In support of his application, the applicant puts forward three pleas.
1.The first plea in law alleges infringement of Article 17a of the Staff Regulations, in as much as it is intended to protect the fundamental right of freedom of expression guaranteed by Article 10 of the Convention on the Protection of Human Rights and Fundamental Freedoms and by Article 11 of the Charter of Fundamental Rights of the European Union. Furthermore, a balance has to be stuck between rights and obligations, as not all rights are absolute.

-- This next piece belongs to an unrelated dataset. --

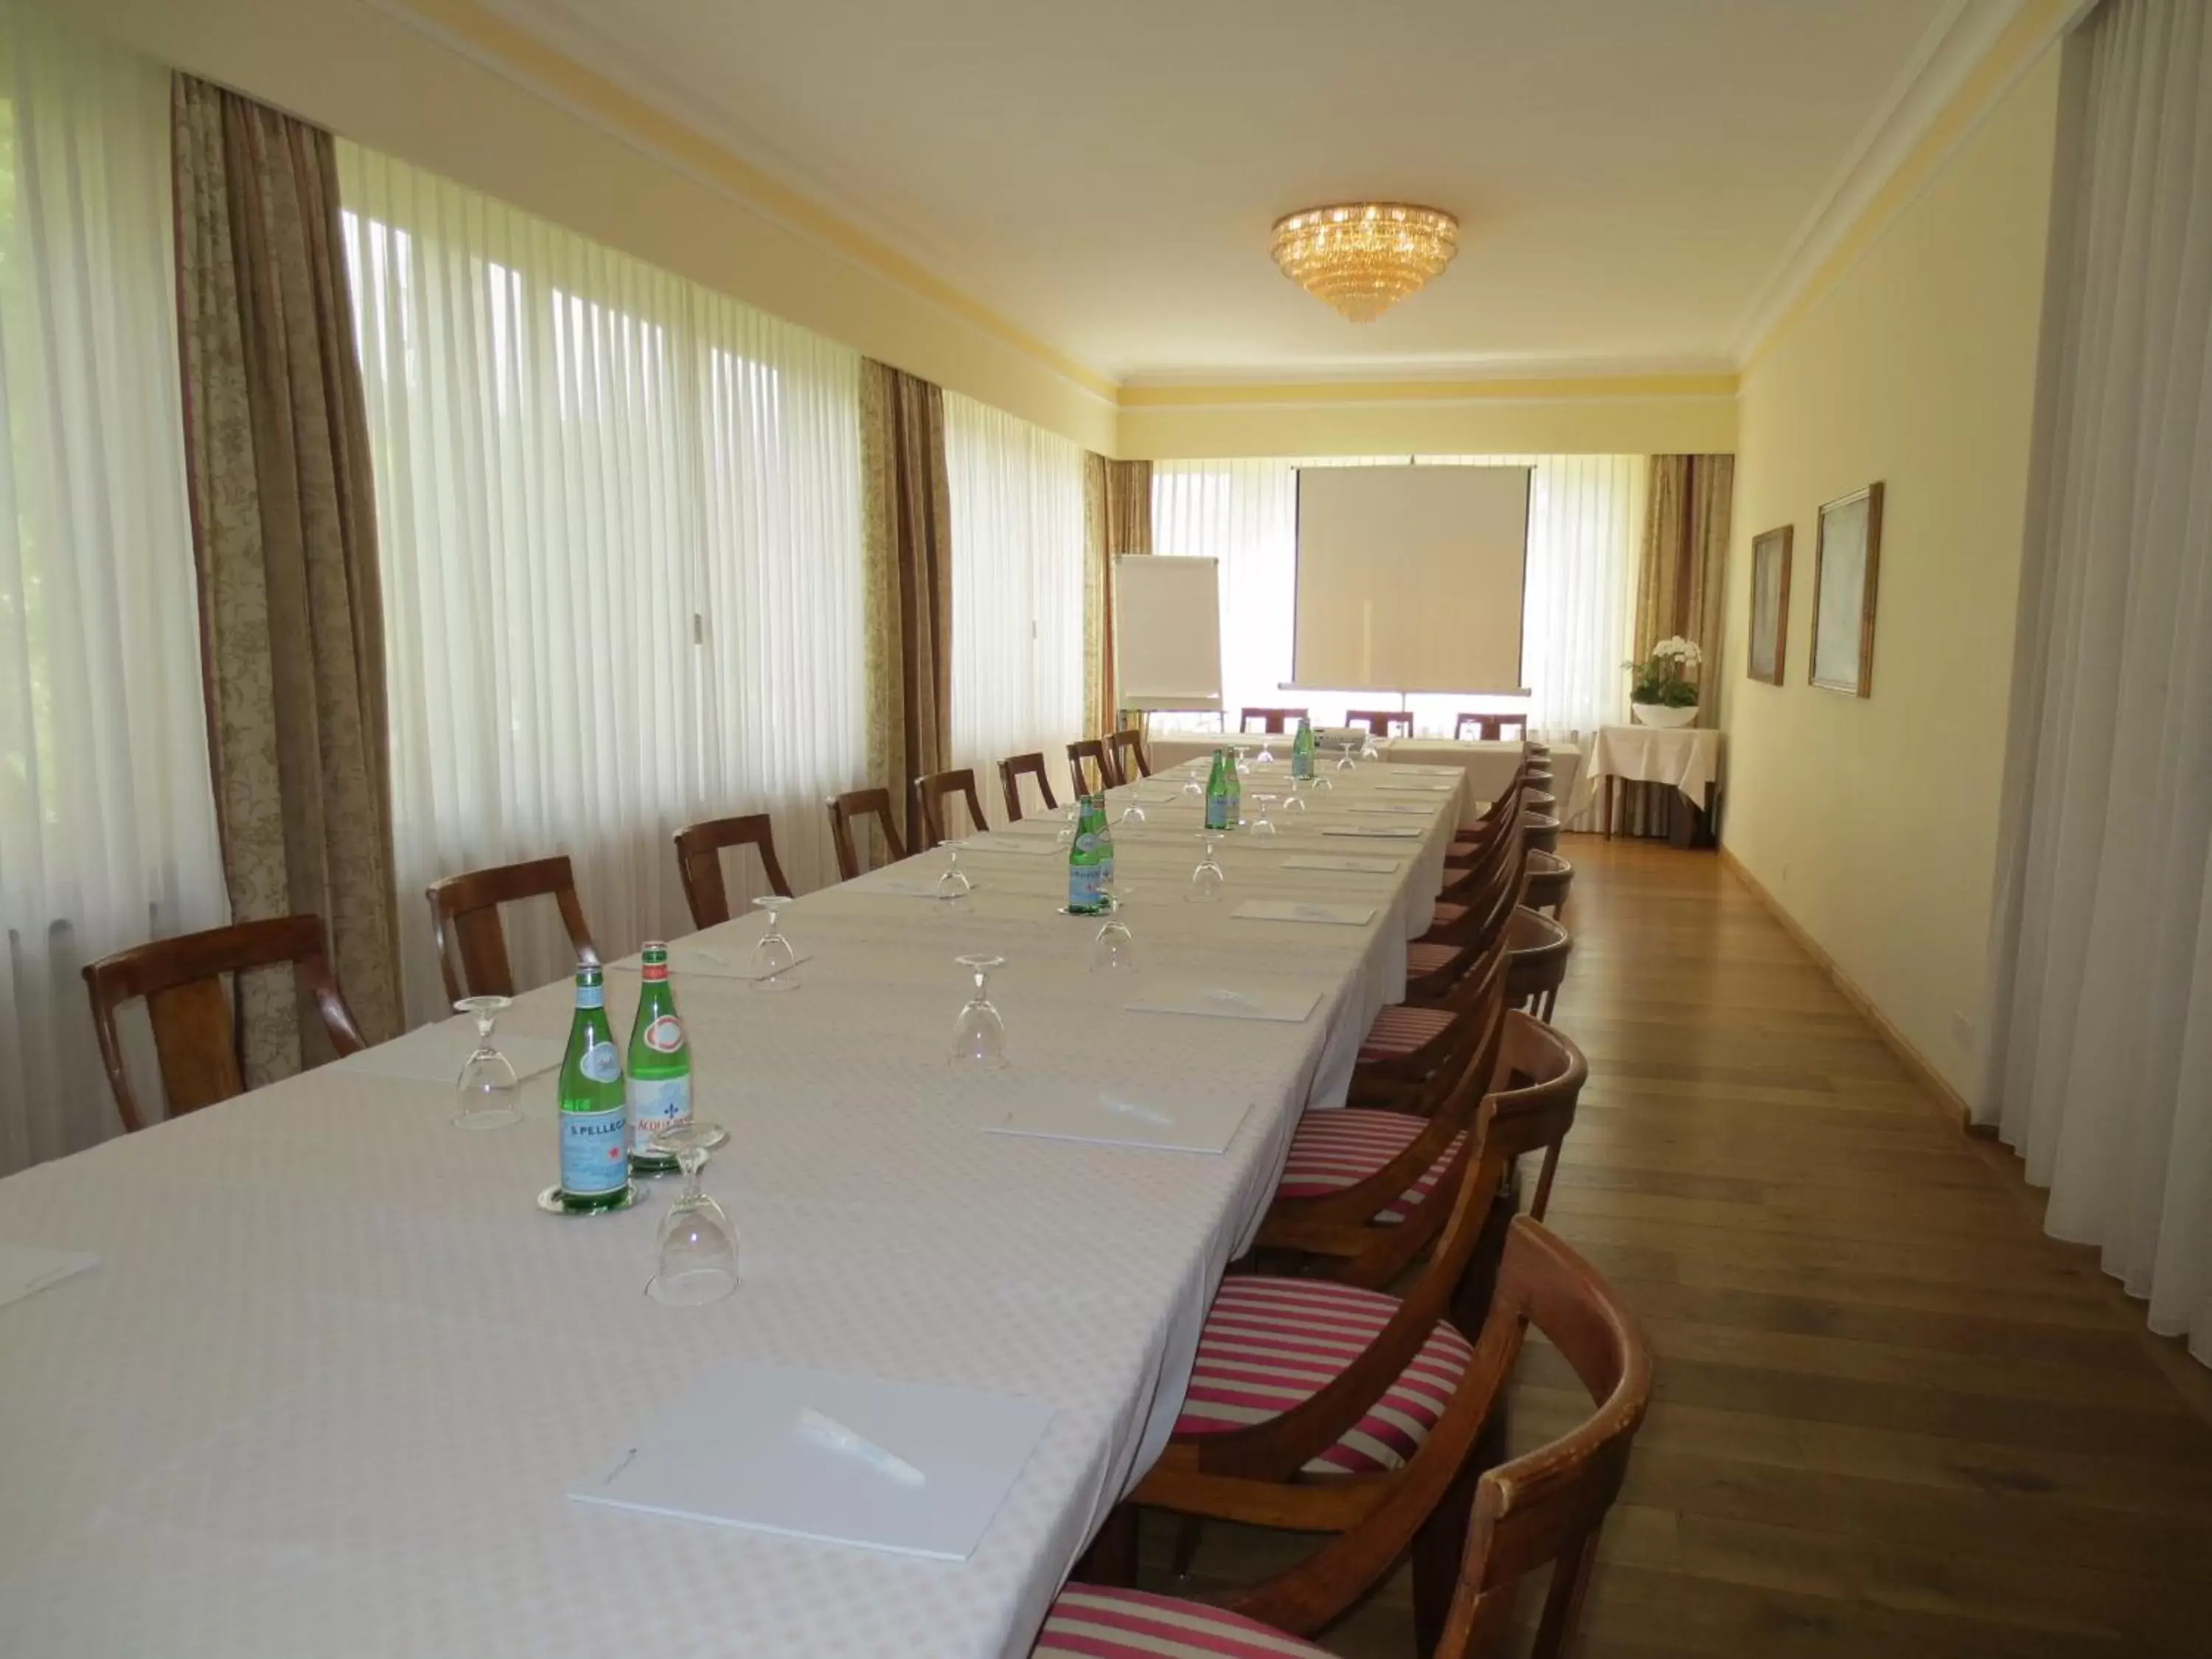 Banquet/Function facilities in Romantik Hotel Castello Seeschloss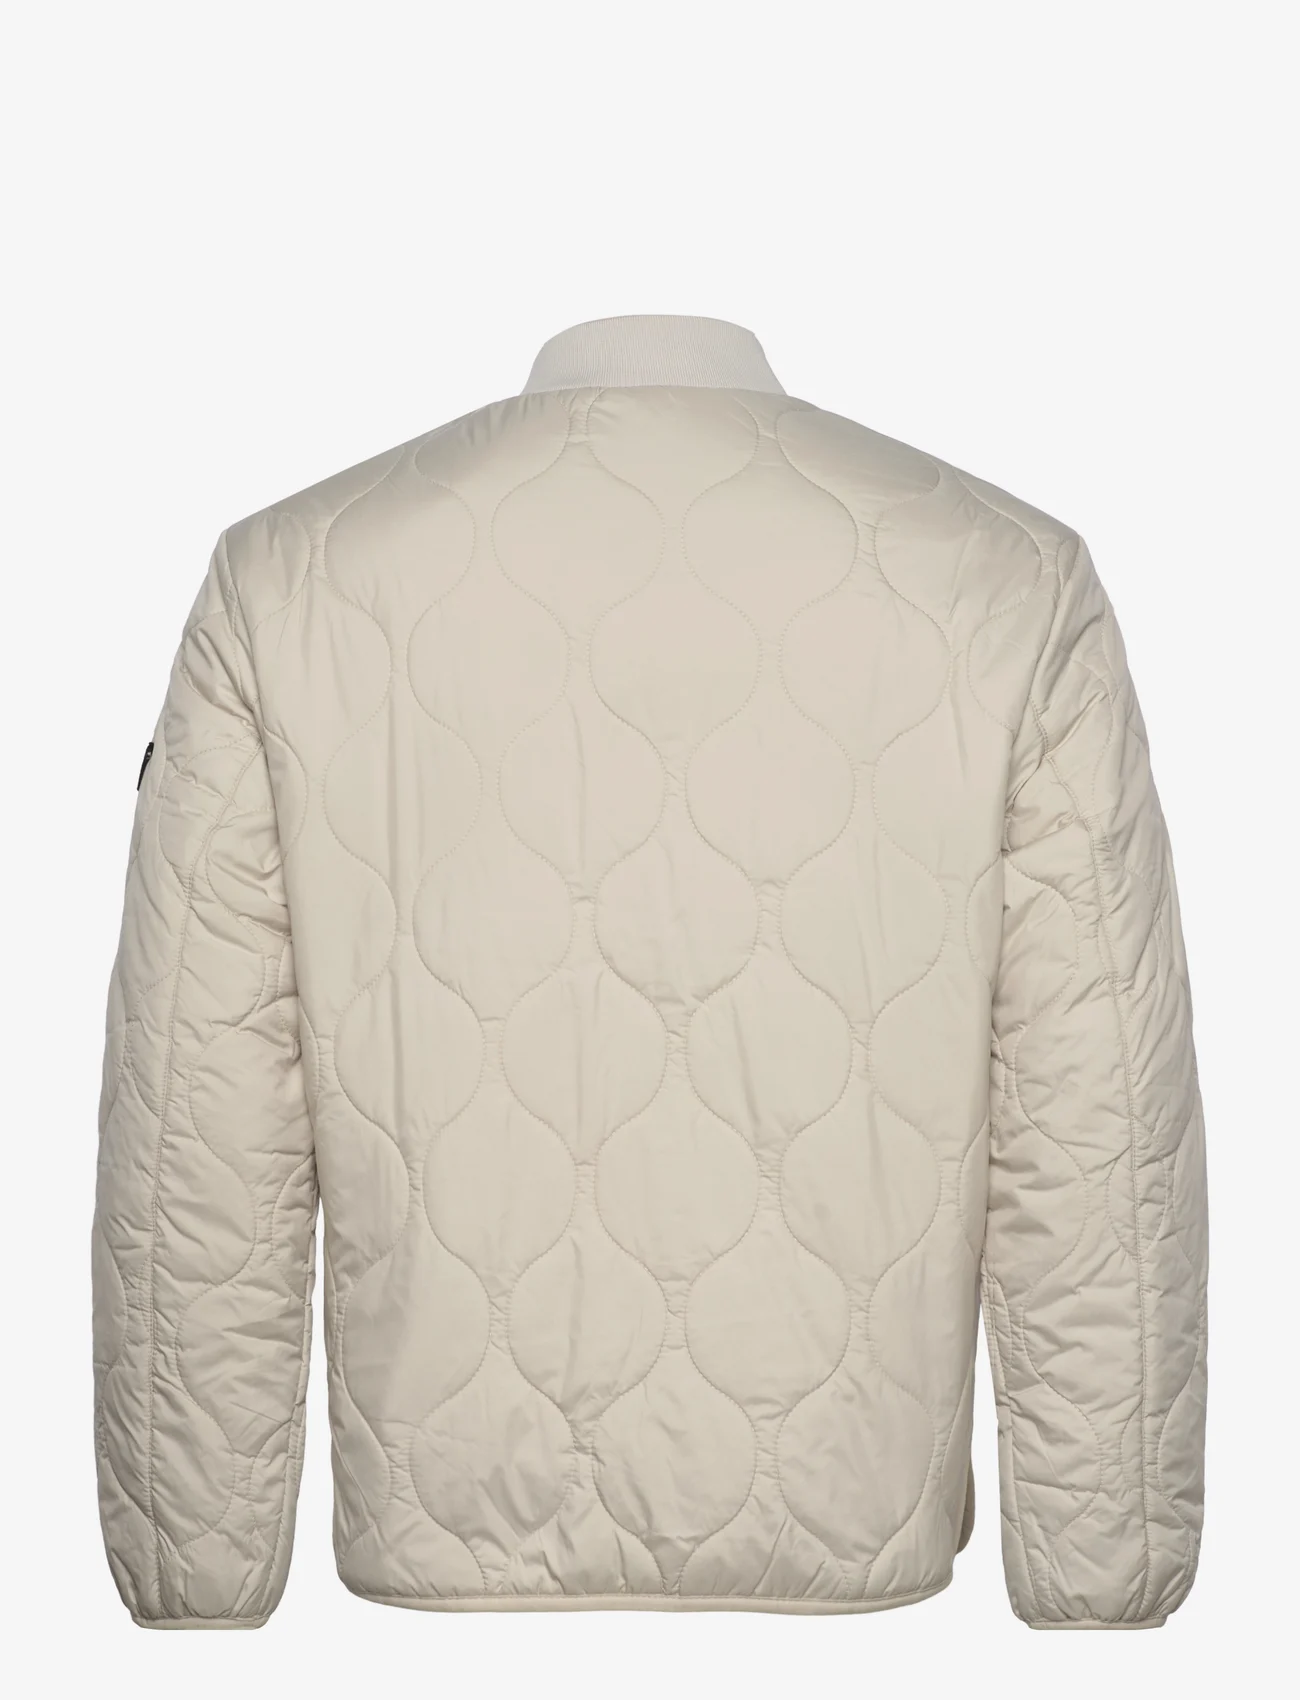 Tom Tailor - relaxed liner jacket - winterjacken - beige alfalfa - 1

2.The second plea in law alleges misinterpretation of Article 17a of the Staff Regulations, in that the subject of the book does not concern ‘the work of the Union’, and therefore the applicant was not under an obligation to inform the Appointing Authority of his intention beforehand. The words ‘matter dealing with’ mean and refer to the content of the document, the purpose of which is to deal with ‘work of the Union’. This means that an official has to inform the Appointing Authority and obtain permission only if he would in any way be dealing with the work of the Union. The duty of the Appointing Authority that follows from this is to interpret strictly, not broadly what constitutes the ‘work of the Union’. Furthermore, it is claimed that:
—no reasons for the decision have been given, as it is based simply on a mere opinion, not on facts or legal considerations;
—the duty imposed by the Appointing Authority is more onerous than that laid down in the Staff Regulations;
—the decision is based on the disproportionate exercise discretion;
—‘matter dealing with the work of the Union’ relates to a context which can be inferred, with regard to the workings of the Union, from other Guidelines;
—as there is no reference to his work or to any other work of the Union in the book, the applicant has not failed in his duty of trust, loyalty and impartiality towards the Union;
—from the case-law of the Court of Justice, in particular its judgment of the 6 March 2001 (Connolly v Commission (C-274/99 P, EU:C:2001:127, paragraphs 43 to 62), a number of relevant points emerge for the evaluation of the application and implementation of Article 17a of the Staff Regulations.
3.The third plea in law is based on the non-material damage suffered by the applicant as a result of the decision, both at his workplace as well as in his personal life, and the impact that this has had on his literary output. It is consequently necessary to quantify the damage and subsequently award compensation in that regard.